Another source credits Blanche’s success with his shrewd decision to go from initially representing Boris Epshteyn, a Trump political adviser who found himself on the wrong end of the DOJ’s special counsel investigation, to representing Trump himself. Loyalty is the coin of the Trump realm. Epshteyn came out appearing gracious, but Blanche ended up looking like a Trump devotee. With little warning, Blanche relocated his family to South Florida to be closer to Mar-a-Lago.

Blanche deftly juggled the simultaneous New York state and federal criminal cases against Trump, an experience that left him feeling embittered toward the opposing counsel. While his arguments about a political prosecution failed to convince Justice Juan Merchan in Manhattan or U.S. District Judge Tanya Chutkan in Washington, Blanche has held firm to that belief during his tenure at the DOJ, according to two sources who know him well. One of them, in January 2025, surmised that “Todd is not gonna stand in the way” of the major changes at the department that would seek to punish investigators who went after Trump. They were right.

In office, Blanche has gained a reputation for his willingness to take calls from former Trump lawyers whose clients are seeking a pardon — or want to see a criminal investigation get brushed aside.

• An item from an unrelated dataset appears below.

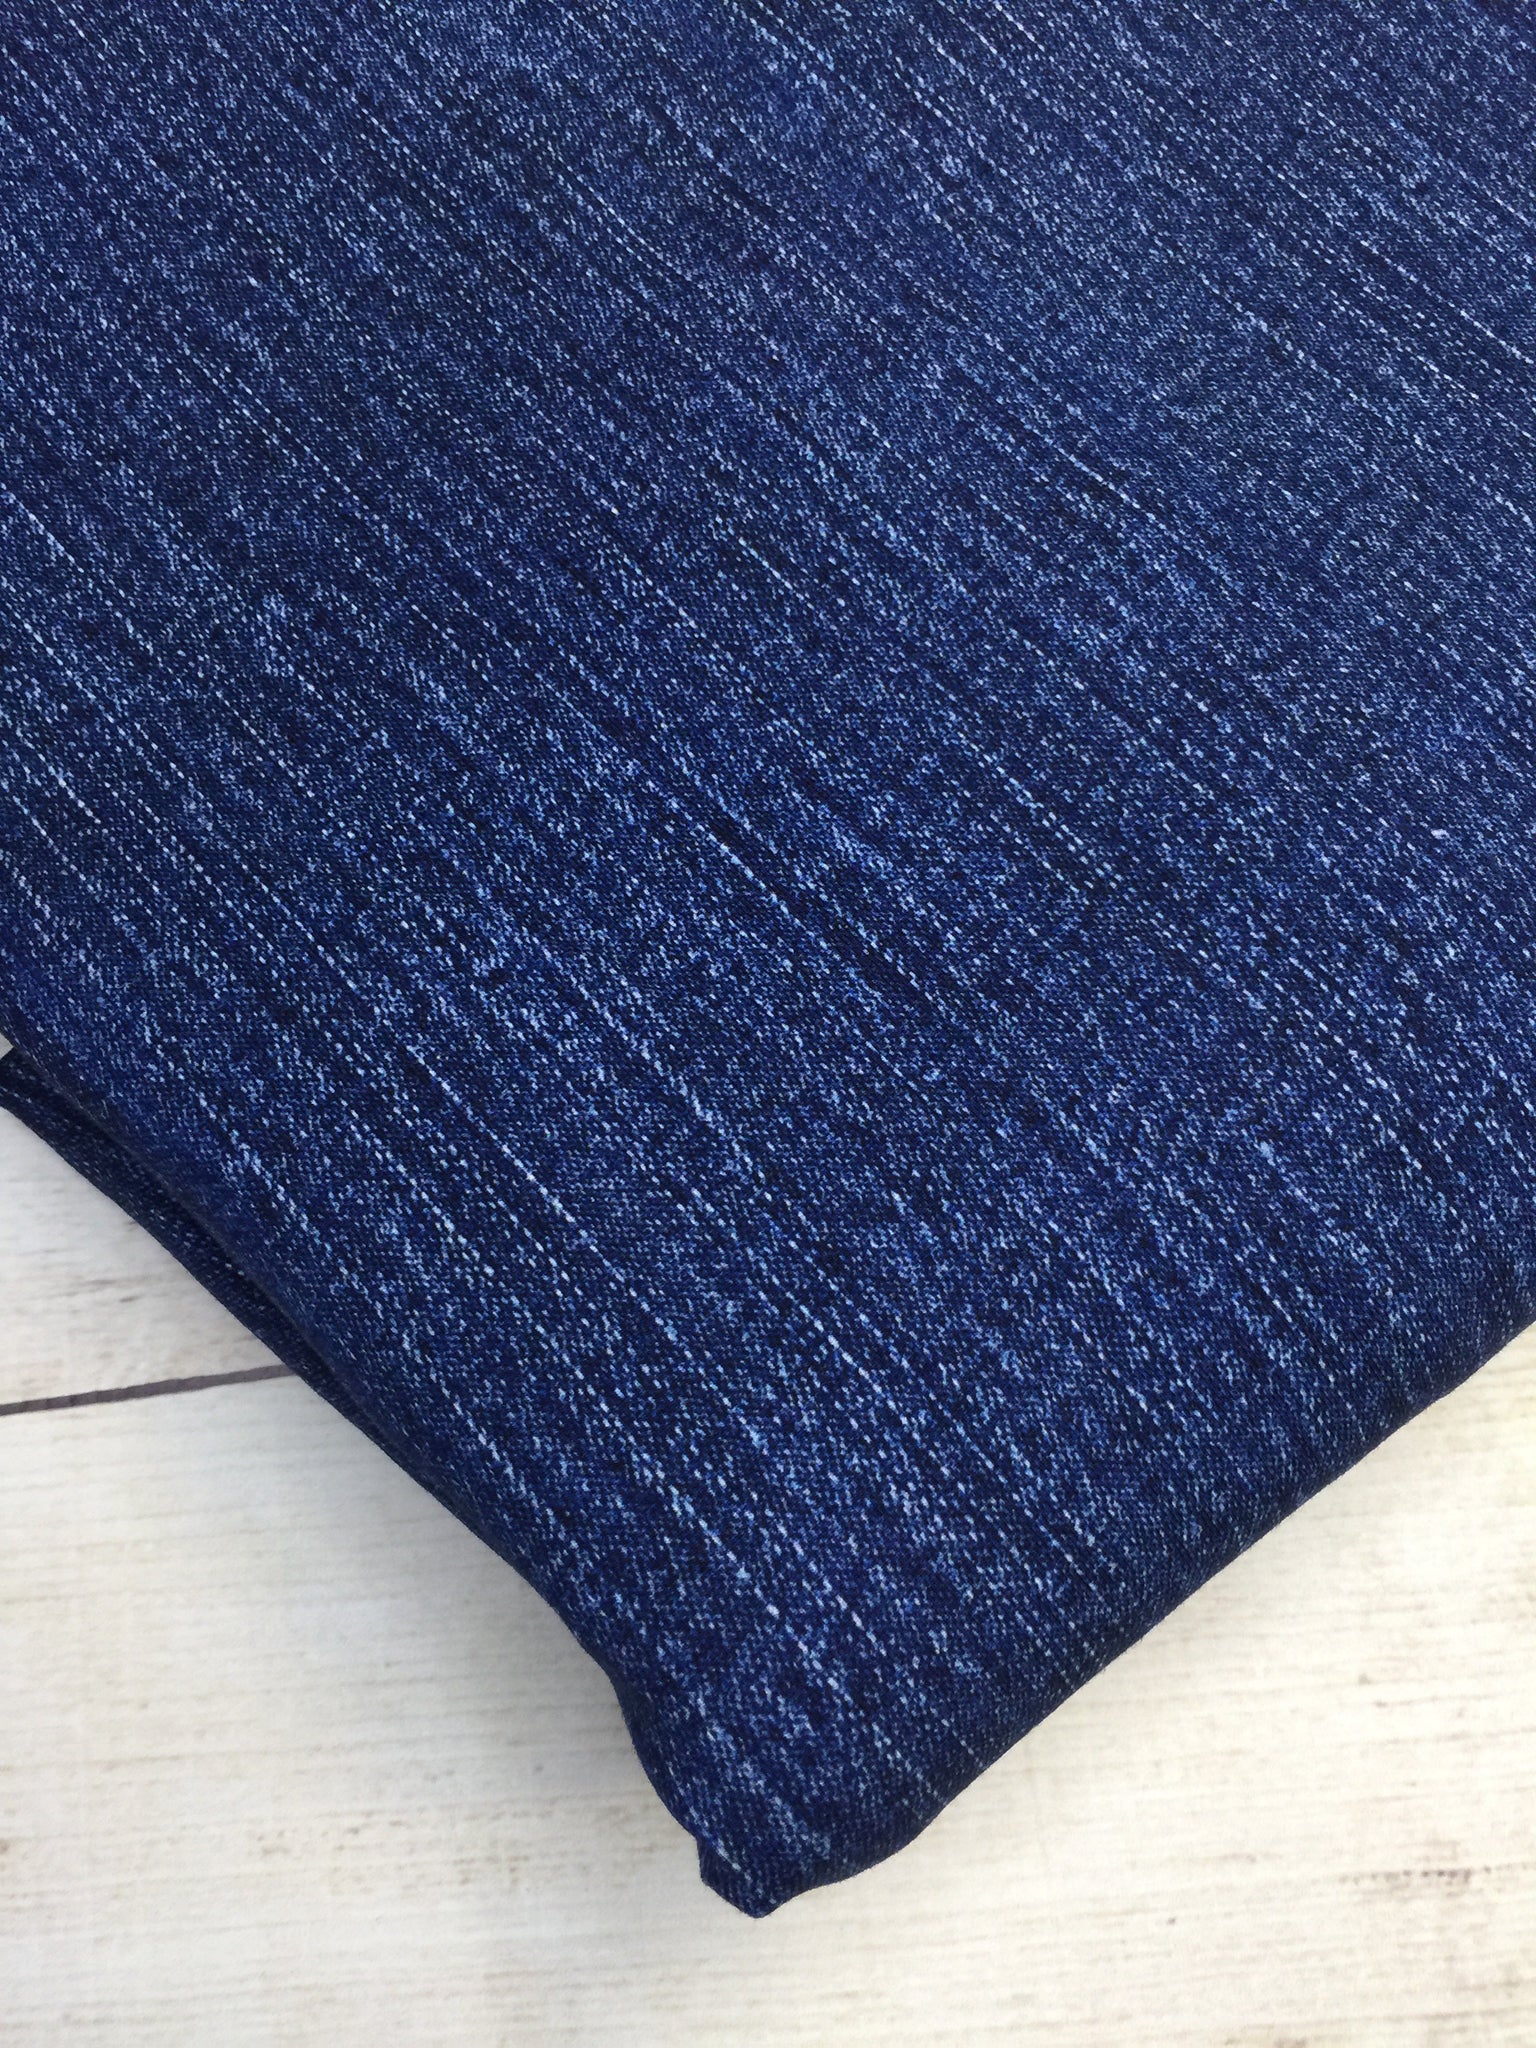 French Terry Fabric - Distributed Wholesale By Hantex Ltd UK and EU

Several former DOJ employees expressed frustration at the way Blanche has taken meetings with defense lawyers with little to no heads up to the line prosecutors, who are then often caught off guard by new orders to water down a criminal case. One pointed to the sudden reversal of a wide-ranging corruption case against former Puerto Rico Gov. Wanda Vázquez Garced and others, which was knocked down to a misdemeanor case “at the direction of the DAG’s office over objections of the entire trial team,” one source said. When lower-level prosecutors held firm in court that the case was indeed serious, Trump ultimately pardoned Garced and a disgraced former FBI agent involved.

Still, many who have known Blanche for years say he has not changed all that much.

“He’s the same Todd,” said one friend months ago. “He probably marvels at the fact that he’s deputy attorney general. He never had the ambition to be the attorney general. He’s just trying to do the best he can. He knows he’s got a difficult client. But Trump calls him 10 times a day.”

But Blanche is a controversial figure with some MAGA faithful. Two close Trump allies told NOTUS they blame Blanche, not Bondi, for the lack of progress in indicting people the president has targeted. They say that consensus stretches far beyond them.

“He’s the one that has actually been running the department,” the first source said, calling Bondi a “figurehead.” The second said, “He needs to be removed.”

While it’s unclear whether these concerns have reached the president yet, the jockeying to succeed Bondi as Justice Department chief is already underway. At least two people have reached out to Trump directly to throw their hats in the ring, according to the second source.

The first source said that Trump was considering Lee Zeldin, the administrator of the Environmental Protection Agency, to take over as the ultimate replacement for Bondi, but questioned his qualifications.

“When was the last time Lee Zeldin was in a courtroom?”